I have data consisting of multiple groups shown below. Within each group, I need to identify specific records to keep, and specific ones to remove. I have manually done this in the column Keep or Remove but I want to recreate the last column using a formula.
I want to start from the latest date in each group (last row with date in ascending order) and Keep all the rows (starting from the last row in group and moving up) that sum up to the value in column A from bottom up until the entire value of column A is used up.

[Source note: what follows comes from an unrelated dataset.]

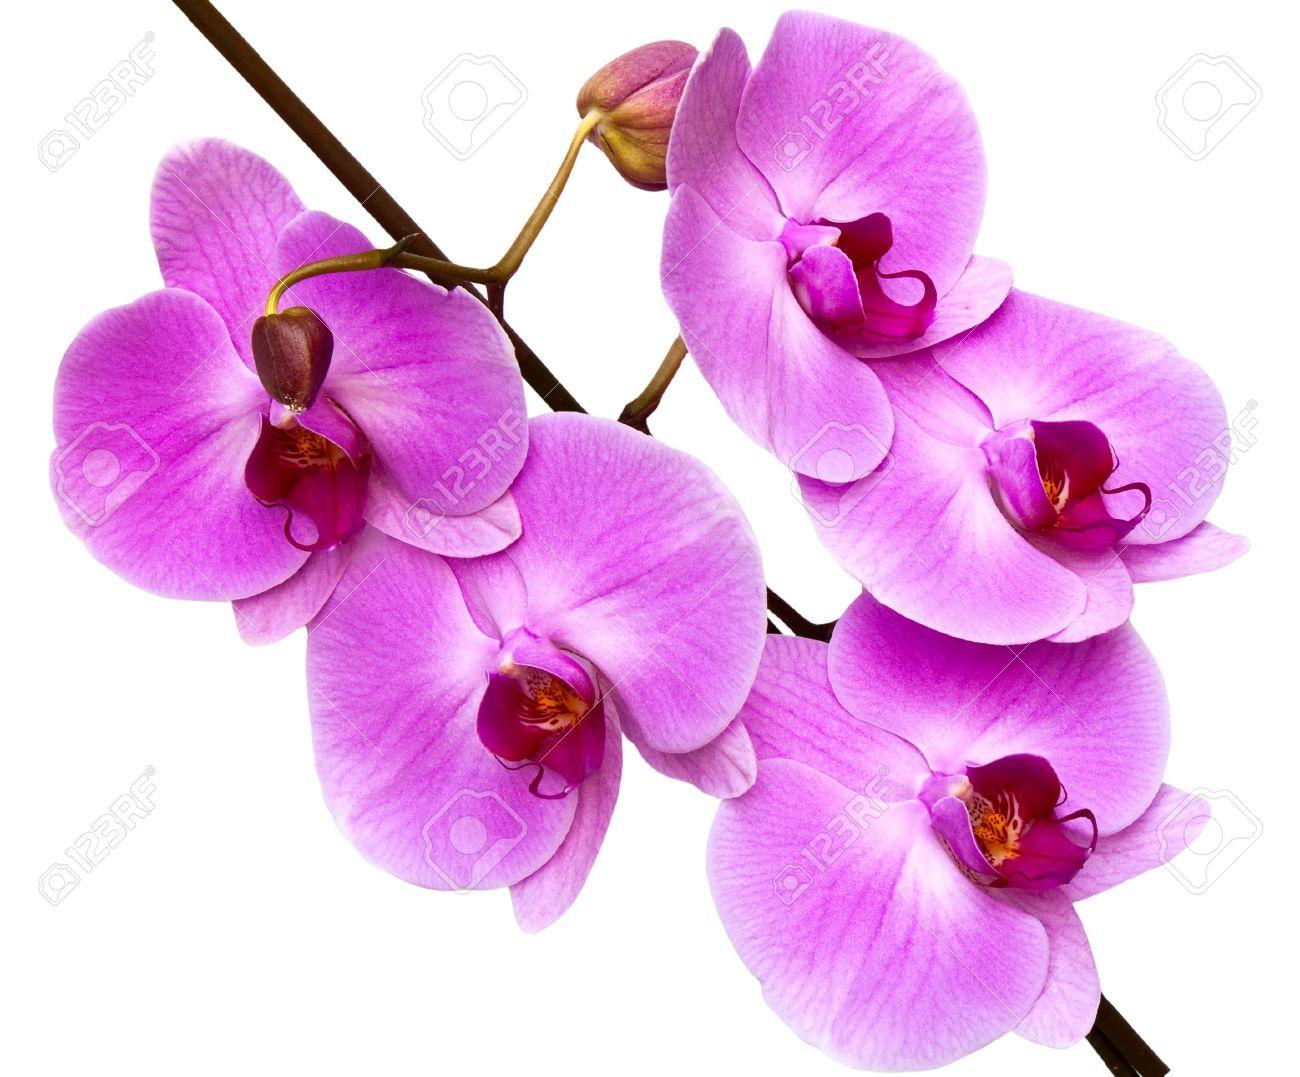 Foto de archivo , orquídea aislado sobre fondo blanco

All other remaining rows would be marked as Remove.
What I'm looking for is something where it checks the value of column B (in the last row with the latest date) against the value in column A in the same row. If the value of B is less than or equal to value of column A , mark row as Keep if not mark as Remove. Now we move up one row with the next latest date, if value of column B plus the sum of all the previous Keep column B's is less than or equal to the value in column A, mark as Keep, if not mark as Remove. Moving on to the next row up, if the value in column B plus the sum of all the previous Keep column B's is less than or equal to the value in column A, mark as Keep, if not mark as Remove.
Essentially what I am looking for is a formula for the last column that can do what I am describing above for the below data set.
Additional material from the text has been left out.